Otomatik işlemenin önemi (bilinçsiz): Dikotik dinleme ve Stroop testlerine dayanan çalışmalar, kaygı ile bağlantılı dikkatlilik yanlılığının bilinçli, kasıtsız ve otomatik düzeyde (tedavi edici düzeyde) çalışan mekanizmalar tarafından belirlendiğini göstermektedir. ). Astarlama etkisi (geçmiş bir deneyim, bu tür deneyimlerin kasıtlı bir hafızasını gerektirmeyen bir görevin yerine getirilmesini kolaylaştırır), gizli bellek ve kaygı konusundaki bazı araştırmalarda gözlenen, endişe testinin tipik bir seçici otomatik işlemesi olarak kabul edilmiştir..

Çalışmalardan elde edilen sonuç örtülü ve açık bellek (Otomatik ve entegrasyonun aksine stratejik süreçler ve detaylandırma kullanıyorlar) şudur: Kaygı, örtük bellekteki duygu ile tutarlı bir önyargı ile ilişkilidir. Depresyon, açık bellekteki duygularla uyumlu bir önyargıyla ilgilidir..

¿Ne ölçüde Dikkat yanlılığı oyunları anksiyete bozukluklarının nedensel ve / veya patojenik bir rolü var mı?

  • Anksiyete özelliği yüksek olan bireyler uyaranları tehdit edici olarak yorumlama eğiliminde olabilirler.
  • Yorumsal önyargı ve yüksek endişe özelliği, artan endişe sarmalına neden olarak tehdit sinyallerine karşı seçici bir şekilde artan ilgiye yol açabilir.
  • Dikkat yanlılığı, SNA bileşenlerinin aktivasyonunu doğrudan arttırır..
  • Artan otonomik aktivasyonla ilgili dikkat yanlılığı, Pavlovian’ın korku / endişe tepkilerinin kondisyonlanmasını kolaylaştırır veya oluşturur, bu da anksiyete bozukluklarının edinilmesine yol açar..
  • Tersine döndüğüne dair kanıtlar da var: Dikkatli önyargı, klasik şartlandırma yoluyla elde edilebilir.
  • Özerk aktivasyondaki bir artış, endişe özelliğini ve belirsiz uyaranları tehdit edici olarak yorumlama eğilimini artırabilir.

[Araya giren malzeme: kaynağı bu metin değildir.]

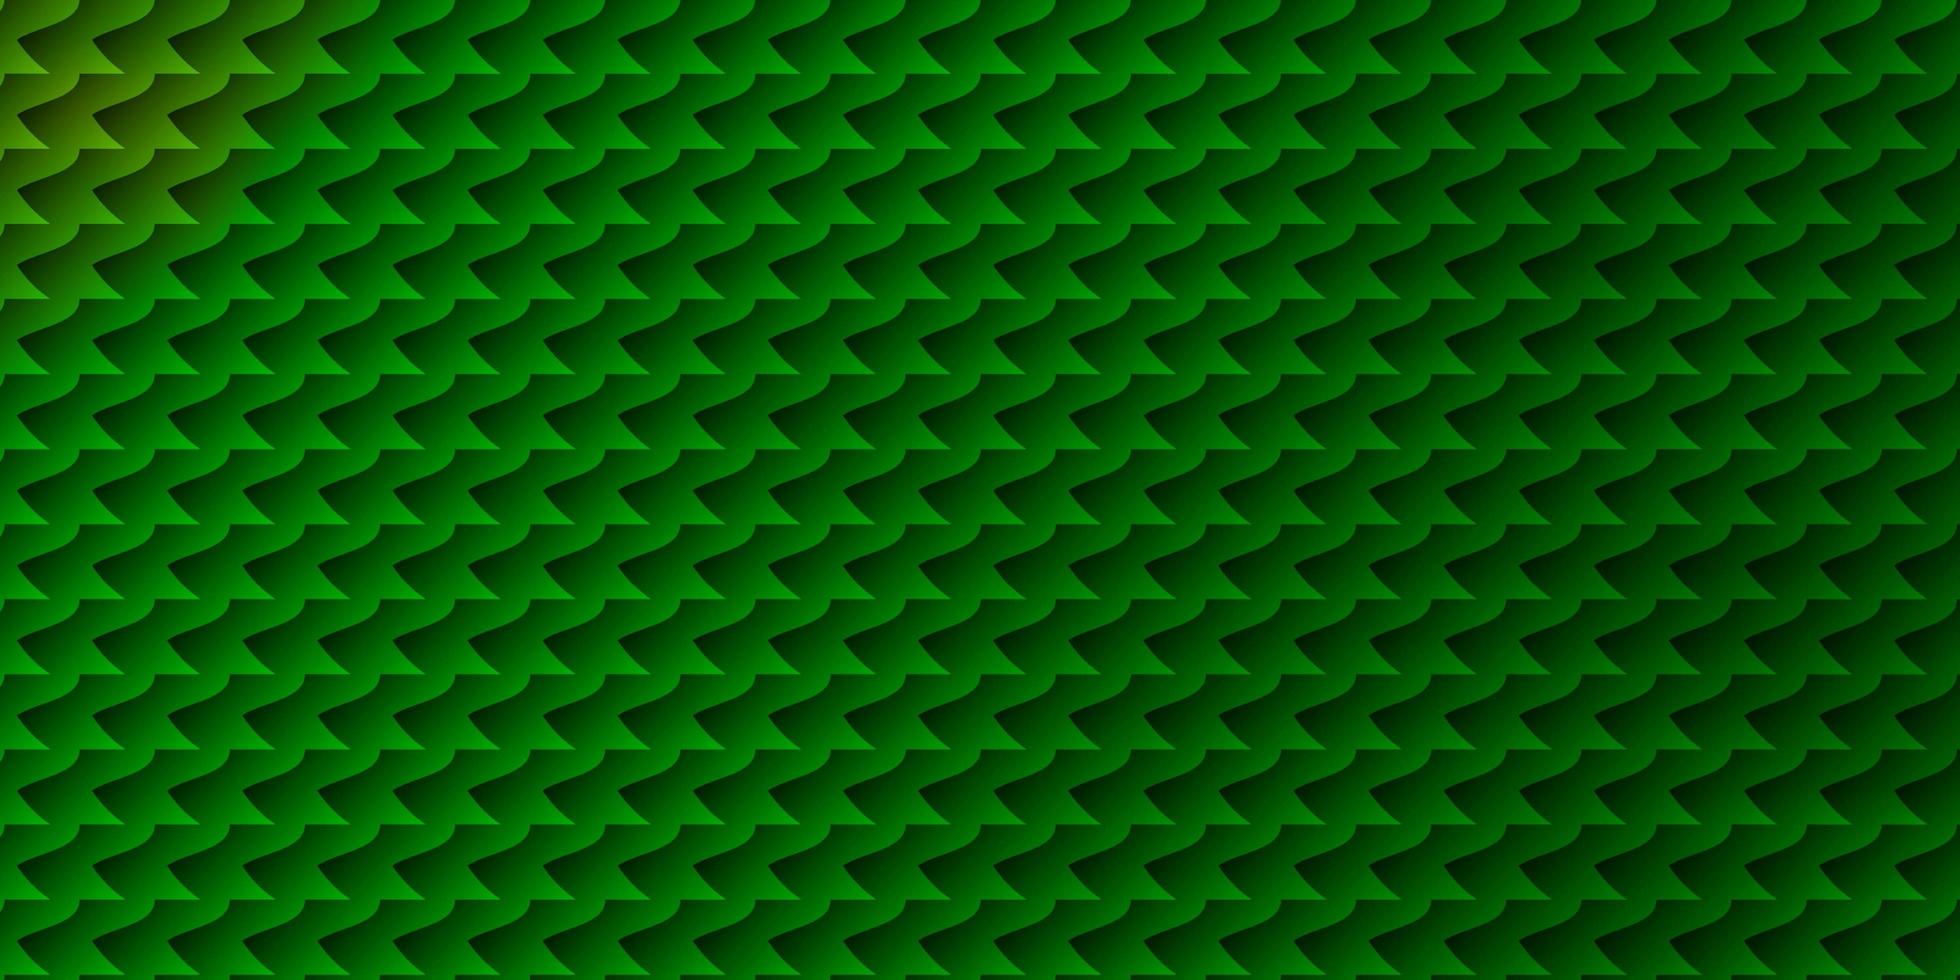 patrón de vector verde claro en estilo cuadrado.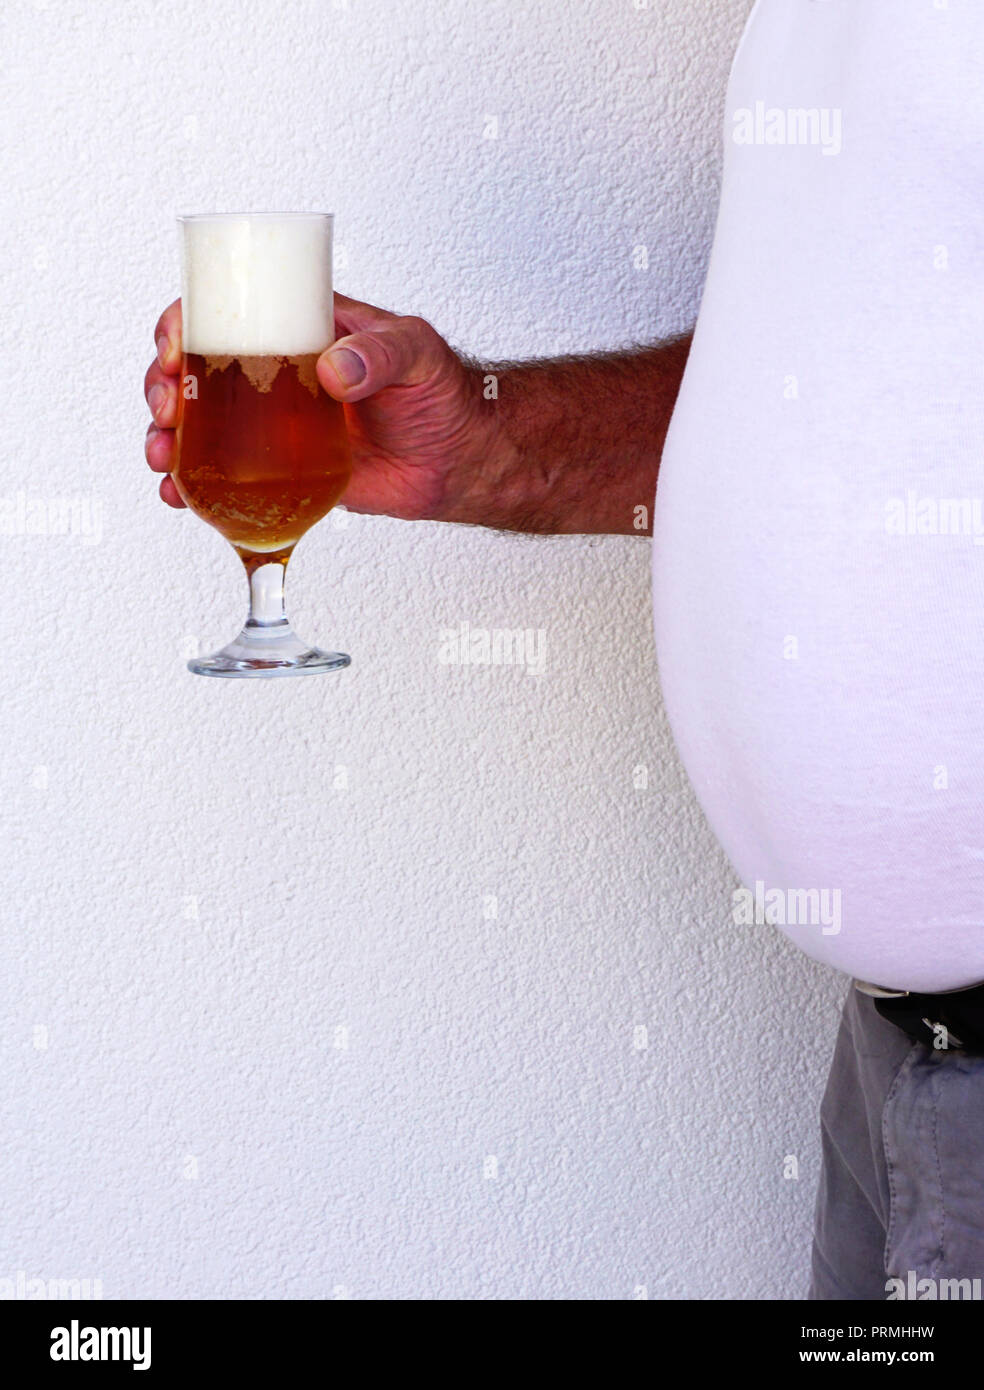 Großes Bier Bauch Mann hält ein Glas voll Bier, Blasen und Bier Schaum auf weißem Hintergrund Stockfoto

Anksiyete ve bilişsel işlem: entegrasyona doğru

Lang'in teorisi dışında, bu katkılarla, bilginin işlenmesine dayanan özel bir endişe modeli olduğu söylenemez. OHMÁN (1993): Kaygı (akut ve kararlı) biyolojik savunma sistemlerinden kaynaklanmaktadır. MODEL, beş kavram temelinde yapılandırılmıştır:

  • Özellik dedektörü: Uyarıcıları değerlendirmeden önce ilk filtreleme. Alarm / anksiyete / korku süreçleri için önemlidir, çünkü bazı uyarıcı özelliklerin aktivasyon sistemine doğrudan bağlanmasına izin verir. Hafızadan önce bir seviyede hareket eder (bireyden önce anlamdan uyarana). Bilgi ayrımcılığının gerçekleşmesini sağlar. Fobilerde, panik ataklarda ve TSSB'de çalışır. 2.
  • Önem değerlendirici: Filtrelenen uyarıcıların alaka düzeyini otomatik olarak değerlendirin. Uyumlu duygusal durumların işlemesine öncelik veren, ilişkisel bellek sistemlerinin (duygusal tepkilerin işlenmesi (Lang) ve mnesik temsillerin (Bower)) bir parçasıdır. En azından kısmen kontrollü bir işleme sistemidir. Ancak, kasıtlı olarak çalışır ".
  • Aktivasyon sistemi: Değerlendiricinin önemine katkıda bulunmaya hizmet eder. Anksiyete seviyesinin uyumlu dikkat yanlılığını artırabileceğini açıklayın. Aynı zamanda bilinçli algı sistemine de etki eder. Aktivasyon ile otonom algı arasındaki karşılıklı iletişim (panik bozukluğuna özel ilgi).
  • Beklenti sistemi: İlişkisel hafıza (duygusal hafıza) yapıları içindeki bilgileri birleştirmeye hizmet eder. Bağlantı ne kadar iyi olursa, uyumlu yapıların aktivasyonu o kadar fazla olur. Anksiyete oluşumunda çifte işlev: a) Uygun bilginin seçici işlemesini kolaylaştırır (önyargıyı tetikleme). b) Bilinçli yorumlama için bağlam sağlayın. 5. SİSTEMİ
  • Bilinçli algı: İki fonksiyon: a) Diğer 3 sistemden gelen bilgileri bilinçli bir şekilde bütünleştirir (aktivasyon, önem ve beklentiler). b) Tehditle yüzleşmek için eylem alternatifleri seçin (başetme stratejileri).

Bu makale tamamen bilgilendiricidir, Çevrimiçi Psikoloji bölümünde, teşhis koyacak veya tedavi önerecek fakültemiz yoktur. Sizi, davanızı özellikle tedavi etmek için bir psikoloğa gitmeye davet ediyoruz..

Benzer makaleleri okumak isterseniz Anksiyete Teorileri - Klinik Psikoloji, Klinik Psikoloji kategorimize girmenizi öneriyoruz.